The website provides an interface for users to our computational approach where users can predict patient response to immunotherapy in arbitrary melanoma cohorts using gene expression from patients as input.

BipotentR: Method to identify gene targets that kill tumor by two mechanisms con-currently.

BipotentR identifies targets for bipotent drugs - single drugs that can kill cancer by multiple mechanisms. BipotentR was developed to address the low response rates to existing therapies targeting single mechanisms that also suffer from high relapse rates due to evolved resistance to single mechanisms.

DeepImmune: AI predictor of immunotherapy response.

DeepImmune is an AI predictor that employs drug-induced transcriptomic changes to identify drugs that synergize with immune check blockade (ICB) and prioritize them for clinical trials. The parameters of DeepImmune are trained on 40,000 patient tumors. It uses transfer learning to predict response to ICB. Then it implements a perturbation model to estimate the effect of drugs on ICB response.

MSSC: Differential gene analysis across multiple scRNAseq datasets.

A major challenge in scRNA data analysis is that cells from the same sample are not independent. Commonly used differential expression methods fail to account for this pseudoreplication bias, leading to inflated false positives. Several published scRNA results reported differential genes that are not driven by biological differences but by pseudoreplication, which has exacerbated the replicability crisis in the field. To control for false positives due to pseudoreplication, this pipeline(Difficult) uses a Bayesian model (MSSC) to identify differentially expressed genes in scRNA by modeling pseudoreplication.

scdiffpop: Single cell differential immune cell population.

There is a need to determine the role of specific immune cells that drive disease severity in COVID-19 patients. This involves comparing immune fraction between samples (e.g., between COVID-infected vs. healthy samples) using a nonparametric test. However, such predictions are not robust, and the test is underpowered due to small sample sizes in single-cell RNAseq datasets. To address this, we are devising a statistical tool, scDiffPop, to robustly identify differential immune populations between any two phenotypes (infected vs. healthy, or severe vs. asymptomatic).

TRIM: Statistical approach to identify Transcription Regulator of Immune-Metabolism.

Abnormal energy metabolism is a common theme for immune evasion in tumors. Targeting cancer energy metabolism can reinvigorate tumor immunity. Focusing on energy metabolism by oxidative phosphorylation (OXPHOS), TRIM identifies transcriptional regulators of immune-metabolism. In particular, TRIM analyzes 21,000 ChIP-seq experiments, and then determined their immune-modulatory potential in 11,000 tumors and 160,000 single-cells from cancer patients.

INCISOR: Identifying synthetic rescue interactions in humans.
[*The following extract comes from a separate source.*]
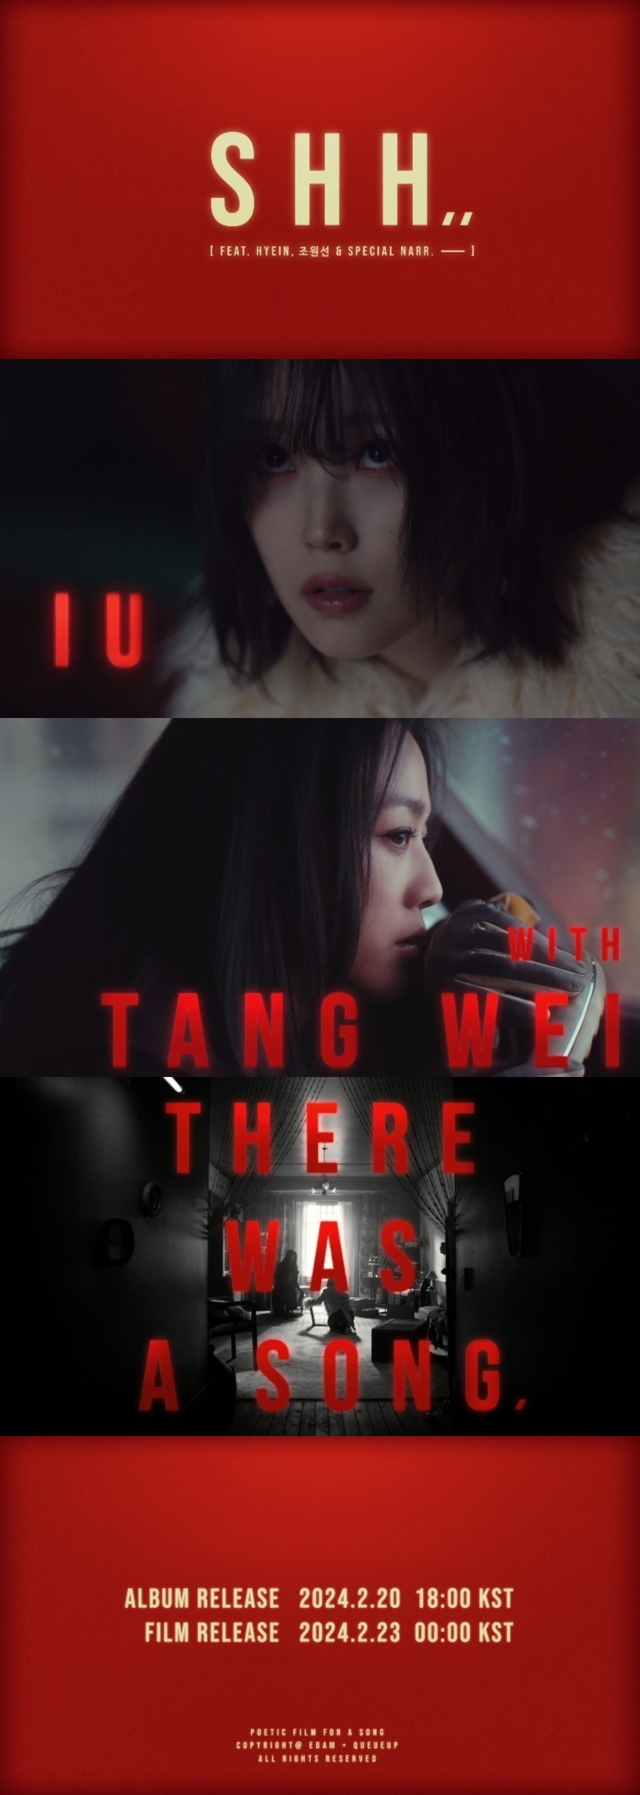 Thang Duy nhận lời đóng MV vì yêu thích IU - Ảnh 1.

INCISOR prioritizes clinically relevant SRs by analyzing functional genomic and clinical survival data in an integrated manner. Due to the scarcity of published gold standards of SR interactions, we conducted new large-scale in vitro experiments to validate our predictions. The paucity of known rescue interactions in the literature further underscores the importance of developing tools like INCISOR. Overall, INCISOR attained precision levels of an average 48% (at 50% recall) in the identification of true SR interaction across all published and new experiments. Finally, we show that SR mediates both primary and adaptive resistance in patients.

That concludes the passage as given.